Disbanding (“killing”) a unit

This is a very interesting and often overlooked bribe. It costs only 12 ducats, so it is a lot cheaper than buying a unit, and can be quite as effective. It is especially useful to get rid of enemy units that are attacking you or rampaging behind your lines. It is also a cheap way to get rid of a unit supporting a unit that you are attacking. And, if you think your enemy will convoy an army you cannot defend against, it is a great way to break that convoy. Finally, it is the cheapest way to get rid of an army/fleet that you suspect will convert to garrison a major city. Otherwise, most of the considerations mentioned for buying apply.

Converting garrisons to autonomous

This is a great way to eliminate a country or ruin your enemy’s day. See the section on Garrison potshots in Part VI.

Making and breaking rebellions

Now things start to get interesting. Rebellions are useful to support you into a province, or to deny an enemy income or retreat into a city.

They are costly to cause, and you probably don't want to spend 15 ducats to start a rebellion in a home province unless going for the home run, but a normal rebellion costs a paltry 9 ducats. That is less than a disband! And, more importantly, rebellions cannot be counter-bribed. The only way to get rid of a rebellion is to put it down by holding for a full turn in the affected province or city or by spending 12 ducats to pacify.

For example, say that you need Marseilles, but you have only an army in Provence to grab it with; while your enemy has a fleet or army sitting in Marseilles. Most players would try to disband or buy and risk being counter-bribed and ending up besieging a garrison. The experienced players does instead spend 9 ducats to cause Marseille to rebel and support his unit into it. (N.B. this assumes that the enemy unit is not the power controlling France, otherwise you have to pay 15d.) Thus avoiding counter-bribes and a long tedious siege.

And another, perhaps more interesting, example: you want to take Genoa to gain its variable income roll. But your opponent has an army there, and, unless he’s stupid, he’s going to convert it into a garrison to ensure no other player easily grabs Genoa. The opponent is also very likely to support Genoa by moving another army into the province. The problem is you do not have 18 ducats lying about to spend and you sure as h**l do not want to borrow and get in debt. You could try to disband instead, but then you risk being counter-bribed, or just bouncing. So what does the wise player do? He causes a rebellion, ensuring he gets an automatic support into Genoa, no conversion to garrison, and saves a couple of much needed ducats. The beauty of this is that gaining Genoa province and city would guarantee you at least 5 ducats' income while denying your enemy 5 ducats (if you manage to hold on to it until the income phase).
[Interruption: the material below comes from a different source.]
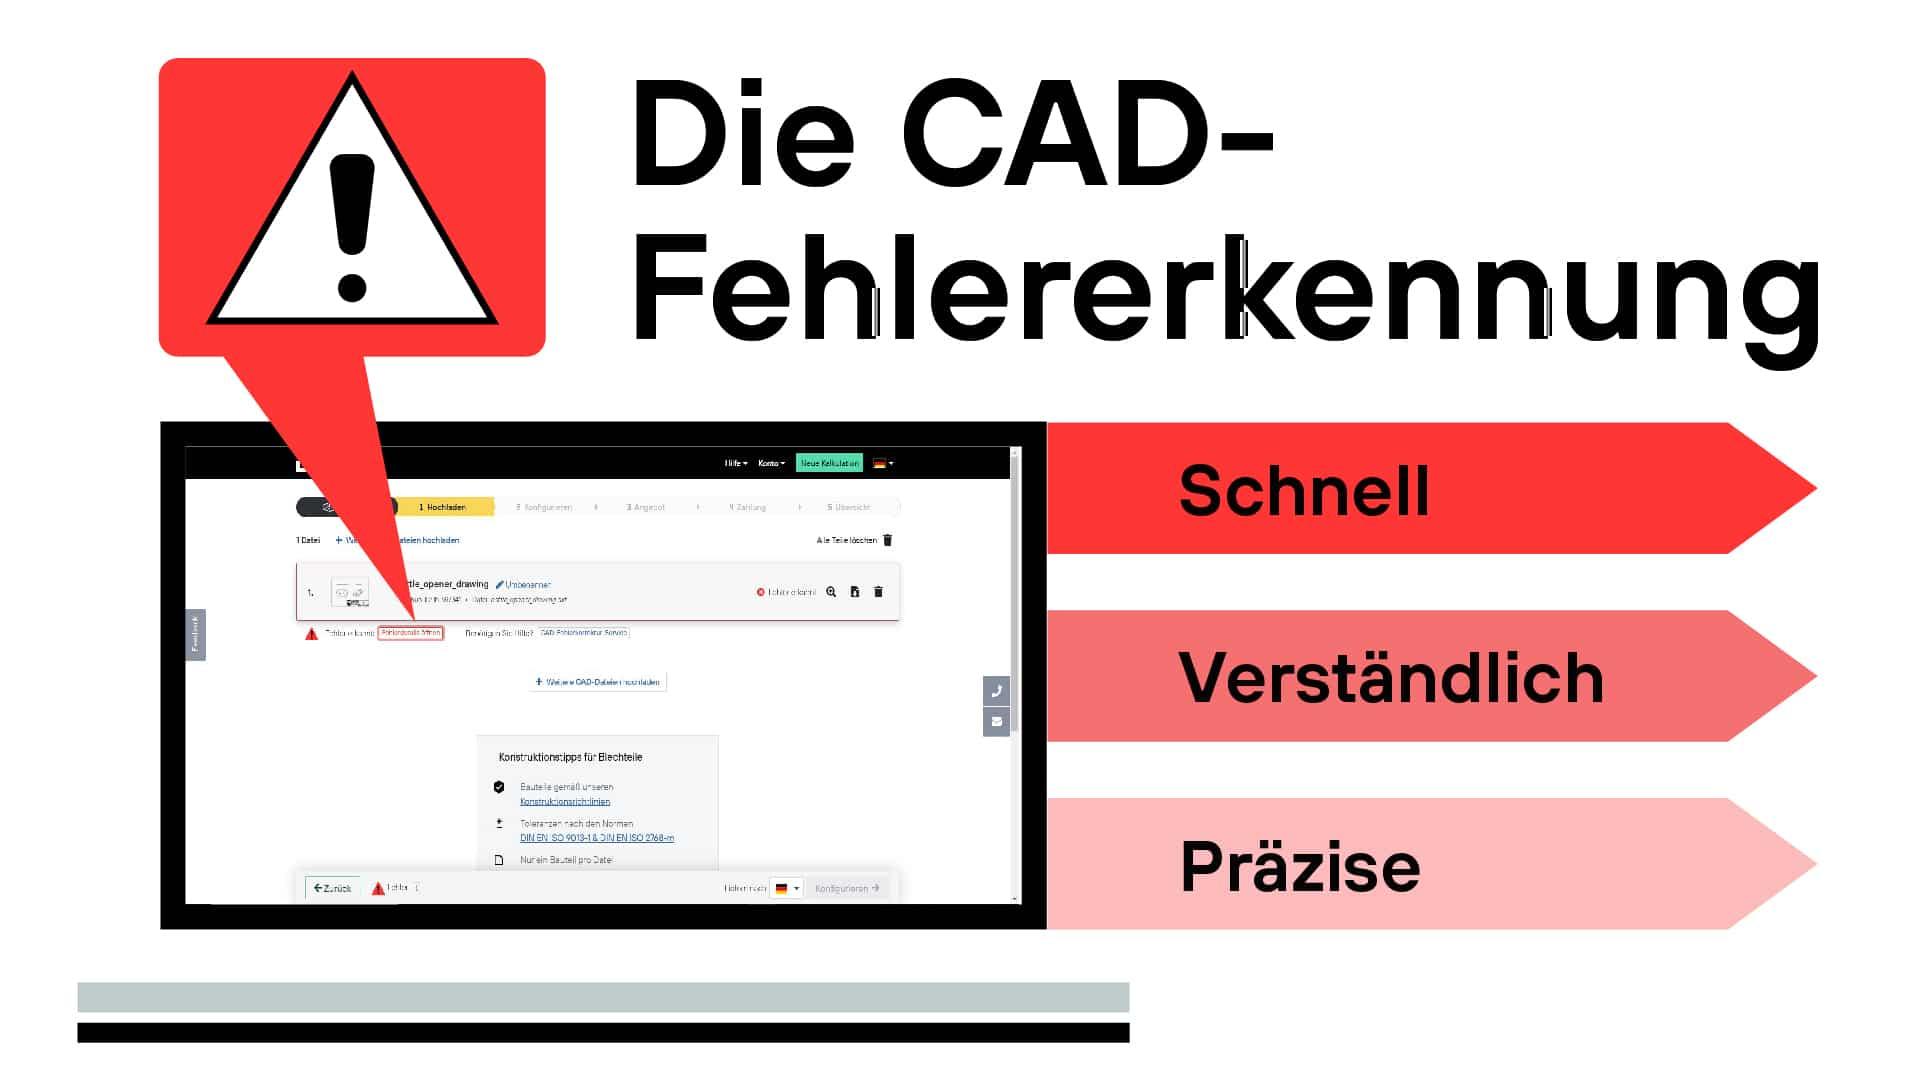 Die Erkennung von Fehler Ihrer CAD-Datei aufmacher

And keep this in mind (yeah, it’s long!):

  1. Rebellions are pretty useless in provinces with garrisoned cities.
  2. Venice has no province to put a rebellion in on the 1995 edition map.
  3. Venice cannot be put in rebellion if any unit is present in it in Classic Machiavelli.
  4. Home provinces currently controlled by their owner cost 15 d to put in rebellion.
  5. On the nJudge a rebellion unit is placed in both city and province if the province is empty (also see Tech Note 1 below). In games following the official rules you must choose one.
  6. Only one (two on the nJudge) rebellion unit can be placed in a province/city, regardless of how many players make the expense (also see Tech Note 2 below).
  7. If you enter a province controlled by another power you get support from the rebel, after which the rebel unit will be removed from both city and province.
  8. However, if you control a rebelling city, you must besiege it or pay for its removal.
  9. You get only one support point on the Njudge, even if there is a rebellion in both province and city.
  10. In Classic Machiavelli and the Njudge, rebellion support is null and void if more than one power attacks the province. In 1995 Machiavelli, all attacking powers gain the support. This is a major difference, as it may save the affected unit in the former case. I do prefer the latter interpretation though, as it is more in the spirit of the idea of the rebellion.
  11. The “pacification train”. The cheapest and fastest way to remove rebellions is if you have a trusted ally who can enter the affected provinces with your unit in train. Do you trust your ally…?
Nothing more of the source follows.